Litosfer iki şekilde ayrılmıştır, bunlar:

  • Okyanus litosferi - daha yoğun bir okyanus kabuğu, ortalama yoğunluğu 2.9 gram / küp santimetre
  • Kıta litosferi - daha kalın bir kabuk kübik santimetrekareye 2.7 gramlık ortalama yoğunluk ile, yüzey yüzeyinin 200 km uzağında uzanır.

Litosferin kimyasal bileşimi, yaklaşık 80 element ve 2000 mineral ve bileşim içerirken, astenosferdeki kül gibi demir-magnezyum silikatlardan yapılır. Bu, mesosfer katmanı ile hemen hemen aynıdır. Okyanus kabuğu kıta kabuğundan daha az silika ve daha fazla demir ve magnezyumdan dolayı koyu renktedir [v].

Levha tektoniği / Faaliyet

Litosfer, 15 ana tektonik levha içerir:

  1. Kuzey Amerika
  2. Nazca
  3. Scotia
  4. Karayip
  5. Antarctic
  6. Avrasya
  7. Afrika < Hint
  8. Avustralya
  9. Pasifik
  10. Juan de Fuca
  11. Filipin
  12. Arap
  13. Güney Amerika
  14. Cocos
  15. Yerin alt katmanlarındaki ısıdan kaynaklanan konveksiyon, litosferdeki tektonik plakalara neden olan astenosfer akışının harekete geçmeye başlaması. Tektonik aktivite, çoğunlukla sözü geçen plakaların sınırları içinde meydana gelir ve çarpışmalar oluşur, birbirlerine kayarlar, hatta parçalanırlar.

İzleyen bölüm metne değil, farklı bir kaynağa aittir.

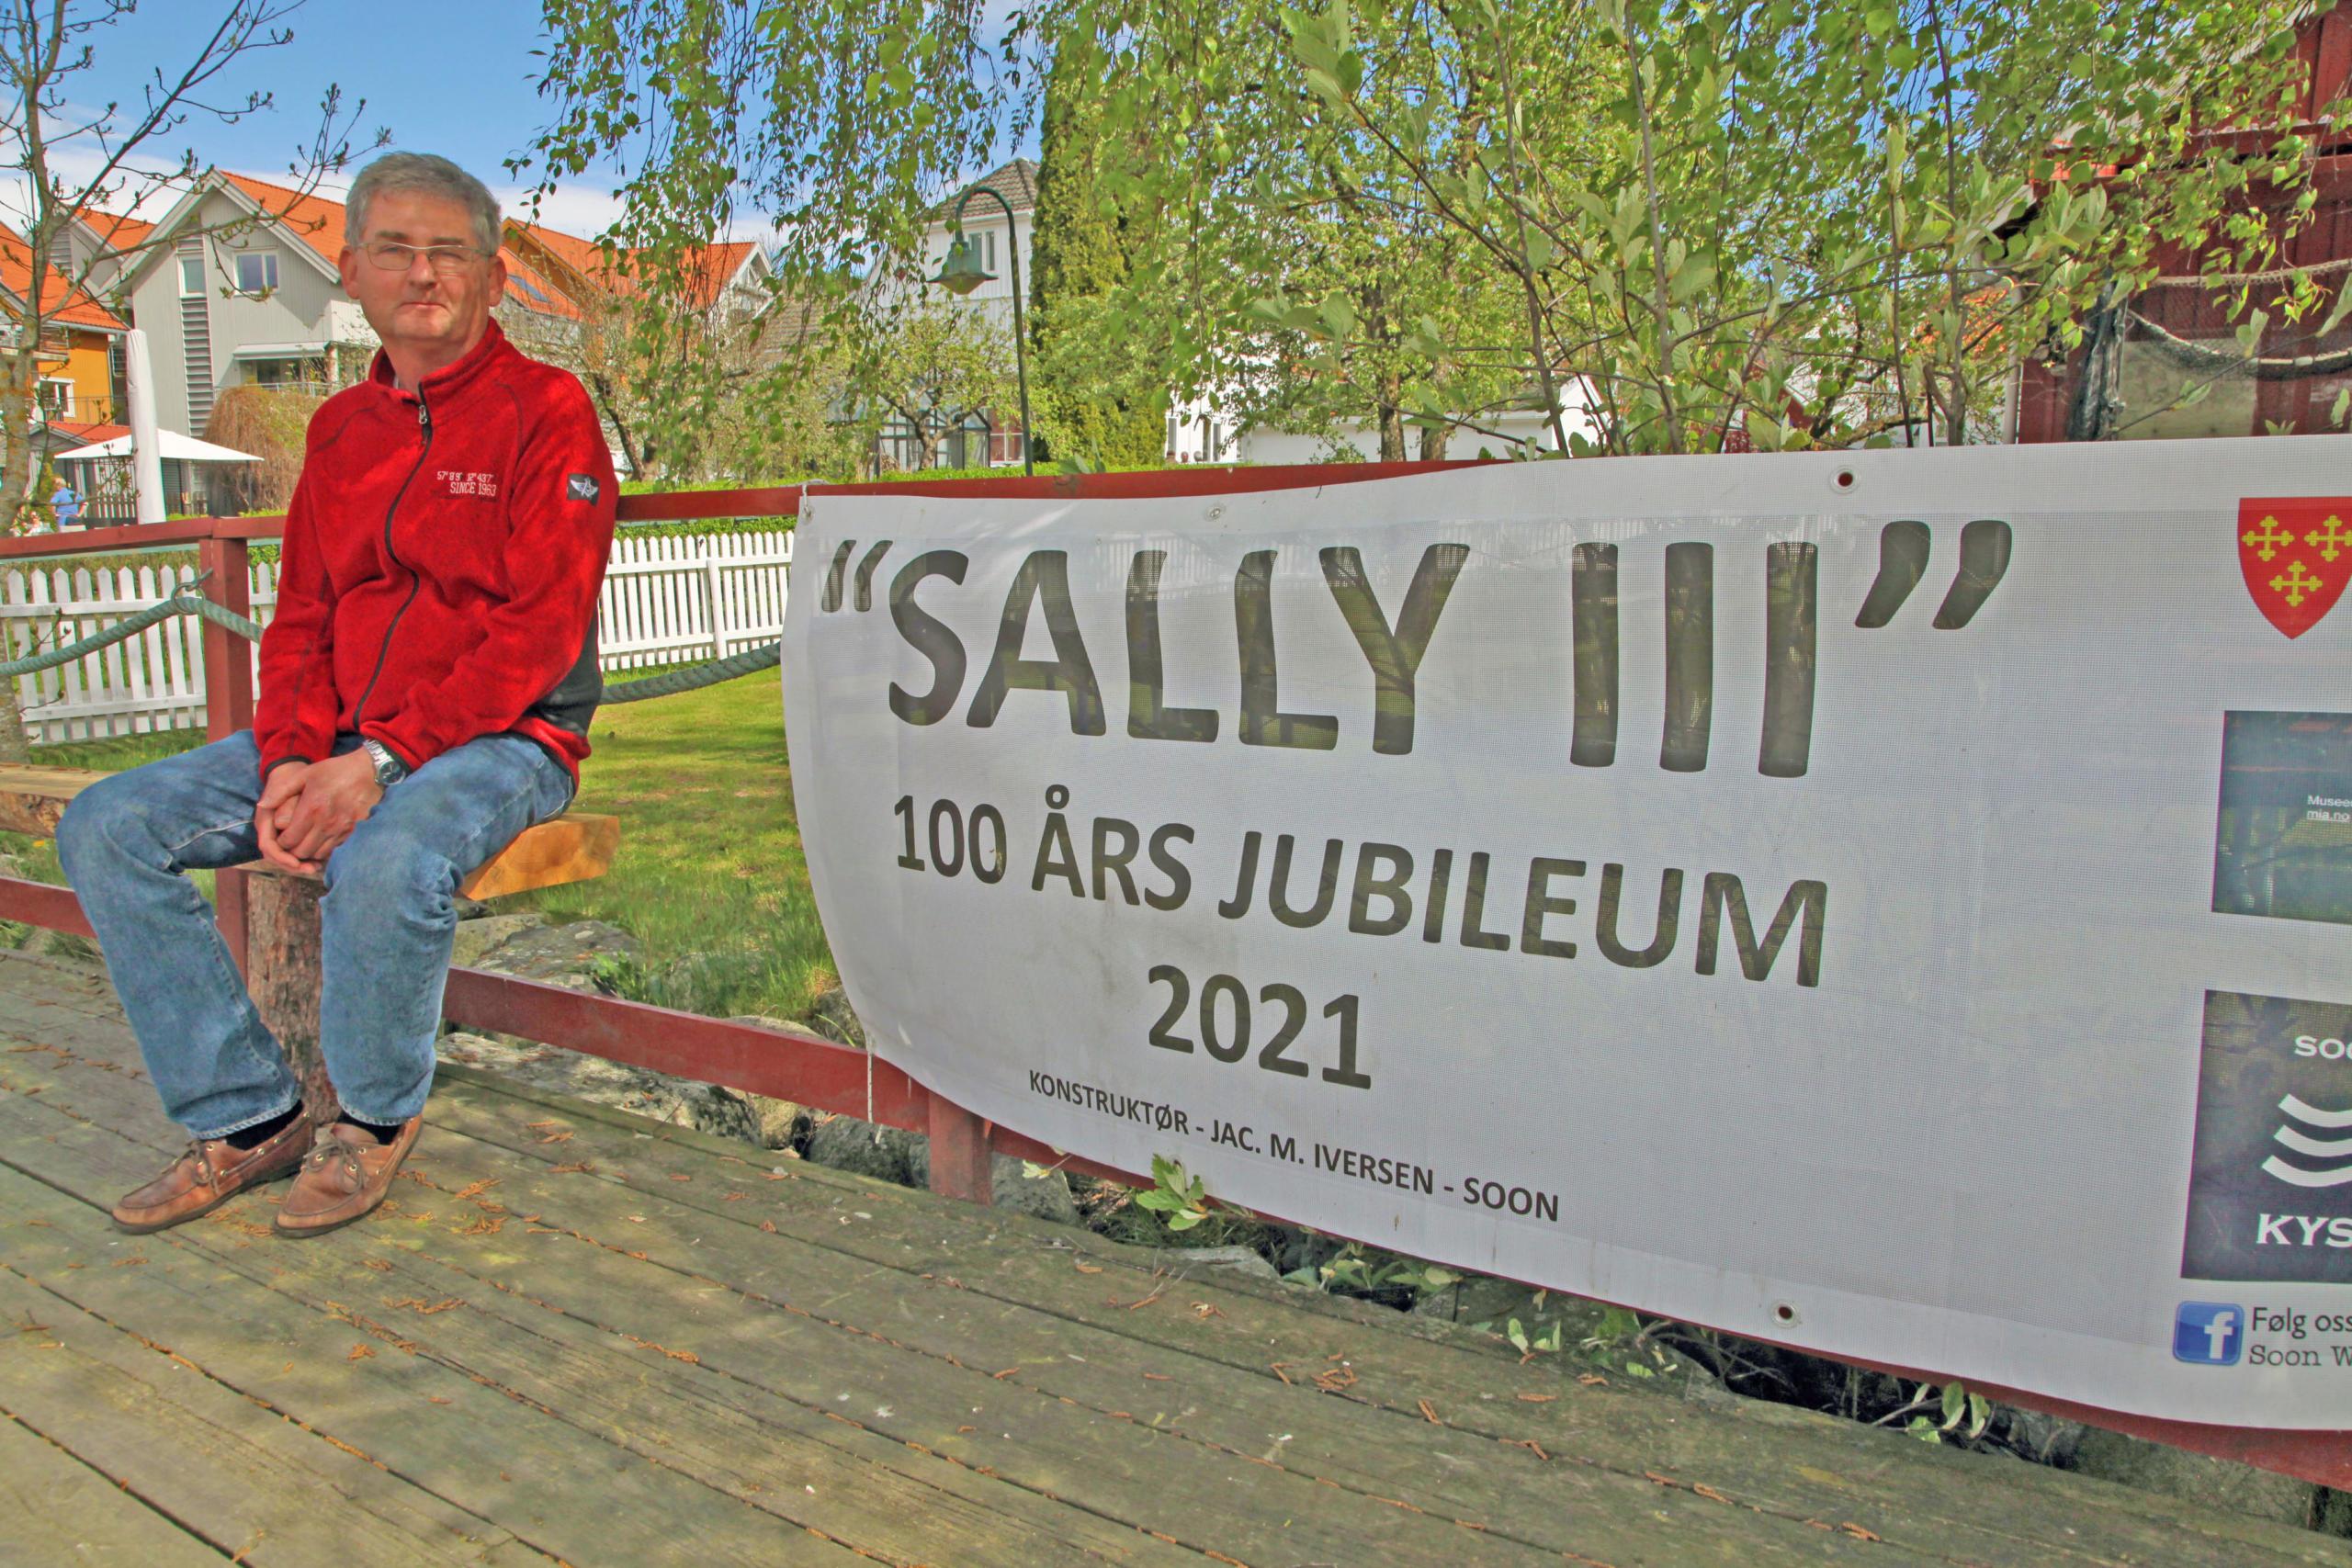 mann ved skilt der det står Sally III
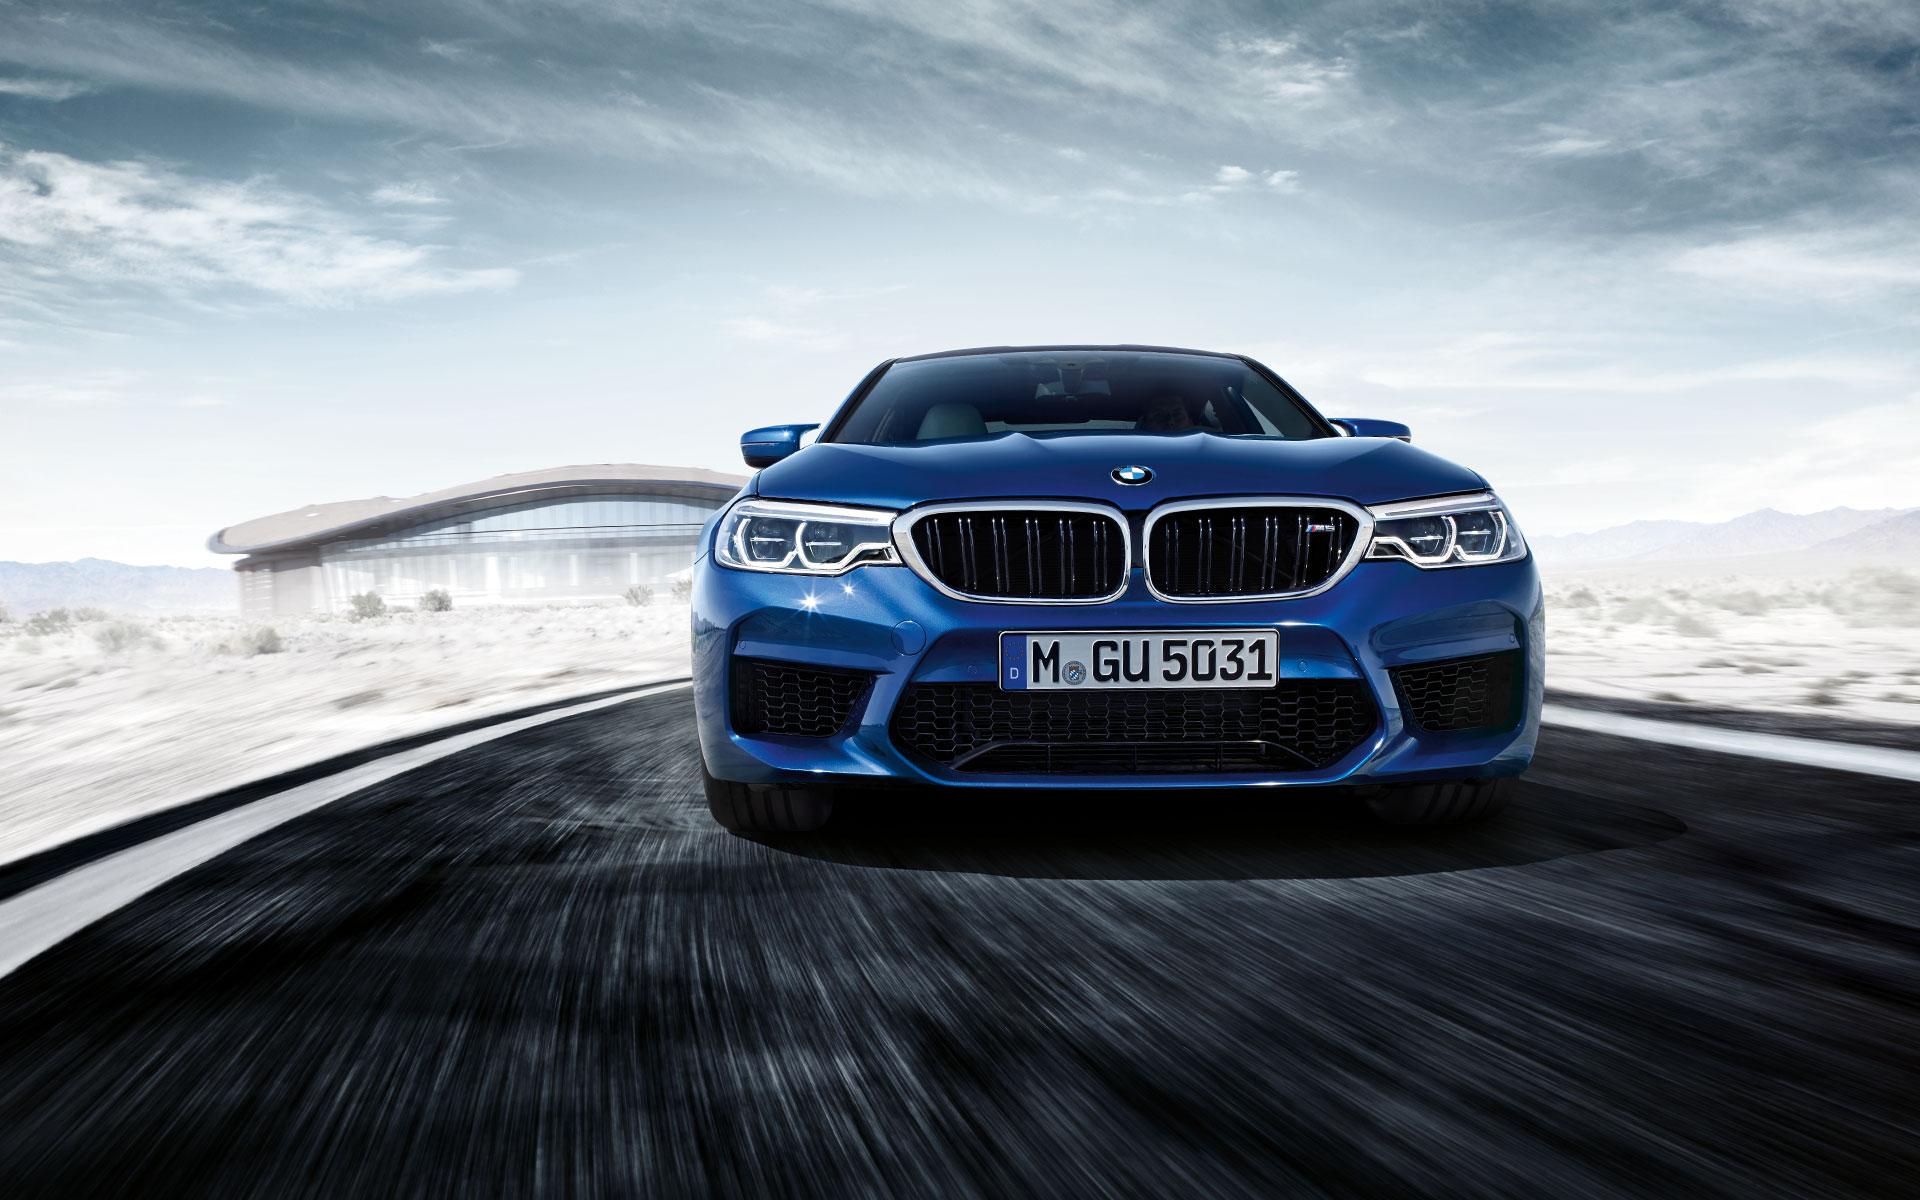 2019 BMW M5 Front blue color 4k hd wallpaper - Latest Cars 2018-2019

Depremler, yanardağlar, orojenez ve okyanus siperlerinin üretilmesi. Okyanusal kabuğun altındaki astenosfer aktivitesi, yeni kabuğu yaratır. Astenosferin yüzeye, orta okyanus sırtlarına zorlanmasıyla. Erimiş kaya ekstrüde olduğunda, soğur ve yeni kabuğu oluşturur. Konveksiyon kuvveti, okyanus sırtlarındaki litosfer plakalarının ayrılmasına neden olur [vi].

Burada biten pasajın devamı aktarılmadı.